Medialdea also named something she sees in the culture: a taboo around suffering. People avoid talking about pain because they fear appearing weak. But she inverted this. Real strength, she said, emerges when you show what you actually feel. This honesty is what reconnects you to yourself and to others. When someone is drowning in emotion, she advised seeking professional support, finding those emotional lifelines that help restore balance.
She advocates for brief therapy—not because it's quick, but because it's focused. The goal is not to excavate the origins of pain endlessly, turning the wound over and over. The goal is to prevent the suffering from deepening, to stop it from metastasizing into something worse. There is always hope, she insisted. The question is not how fast you can escape the pain. The question is how you can move through it without making it worse.
Citações Notáveis
Time can create distance from suffering, but it doesn't help you truly heal unless you do the work during that time— Ana Belén Medialdea
Real strength comes from showing what you feel; this honesty is what reconnects you to yourself and others— Ana Belén Medialdea
A Conversa do Hearth Outra perspectiva sobre a história
When you say time doesn't heal, you're contradicting something almost everyone believes. What made you willing to say that so directly?
Because I see the evidence every day. People come in after five years, ten years, and they're still in the same place emotionally. They've just gotten better at hiding it. Time is neutral. It doesn't care whether you're working or avoiding.
So what's the actual mechanism? If someone is grieving, and they're resisting the sadness, what happens in the body or mind?
Resistance creates tension. You're using energy to push the feeling away instead of letting it move through you. That tension compounds. The original pain gets wrapped in frustration, shame, sometimes anger at yourself for still hurting. You end up suffering twice.

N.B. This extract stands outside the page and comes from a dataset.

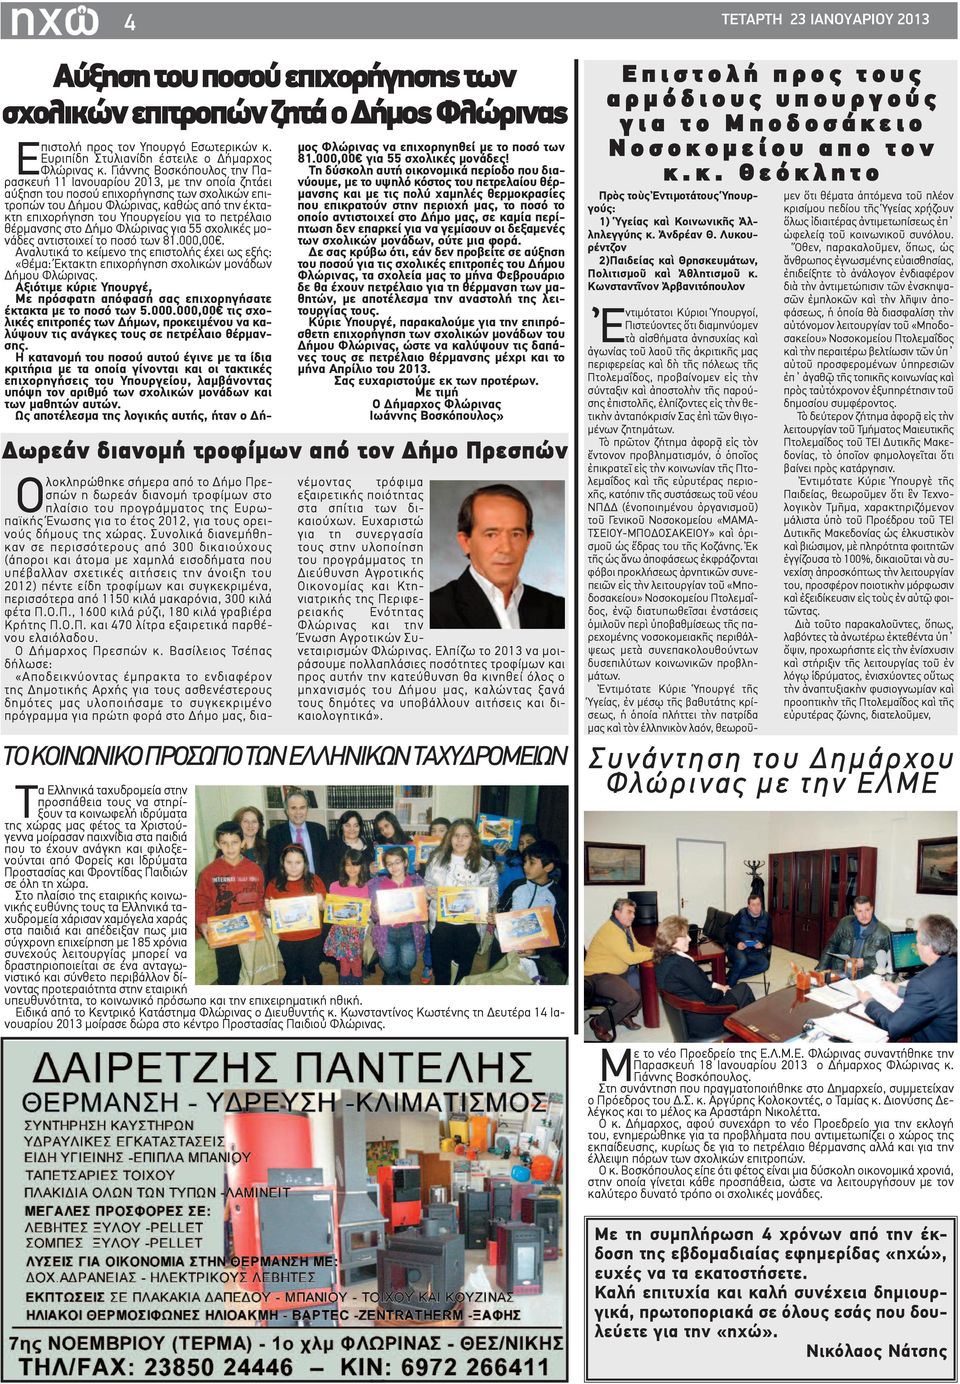 Γιάννης Βοσκόπουλος την Παρασκευή 11 Ιανουαρίου 2013, με την οποία ζητάει αύξηση του ποσού επιχορήγησης των σχολικών επιτροπών του Δήμου Φλώρινας, καθώς από την έκτακτη επιχορήγηση του Υπουργείου για

You mention hope as essential to resilience. But isn't hope sometimes just denial? How do you know the difference?
Hope isn't about pretending the bad thing didn't happen. It's about believing you can integrate it, that you can be whole again even though you've been broken. That's different from denial. Denial says it didn't happen. Hope says it happened and I can still build something meaningful from here.
Brief therapy sounds like it could be dismissive—like you're just trying to get people out the door. How is that different from avoidance?
The opposite. Brief therapy is about not letting the pain become your identity. Some approaches ask you to dig deeper and deeper into the wound, as if understanding its origins will heal it. But that can trap you. I'm interested in: what's one thing you can do differently today that prevents this from getting worse? That's active, not avoidant.
You mentioned that society has a taboo around suffering. Do you think people are ashamed of pain, or afraid of burdening others?
Both. There's a cultural message that you should be fine, that you should move on quickly. Showing pain feels like weakness. But the people who recover best are the ones who can say, "I'm struggling," and let others in. That vulnerability is actually what heals—the connection, not the isolation.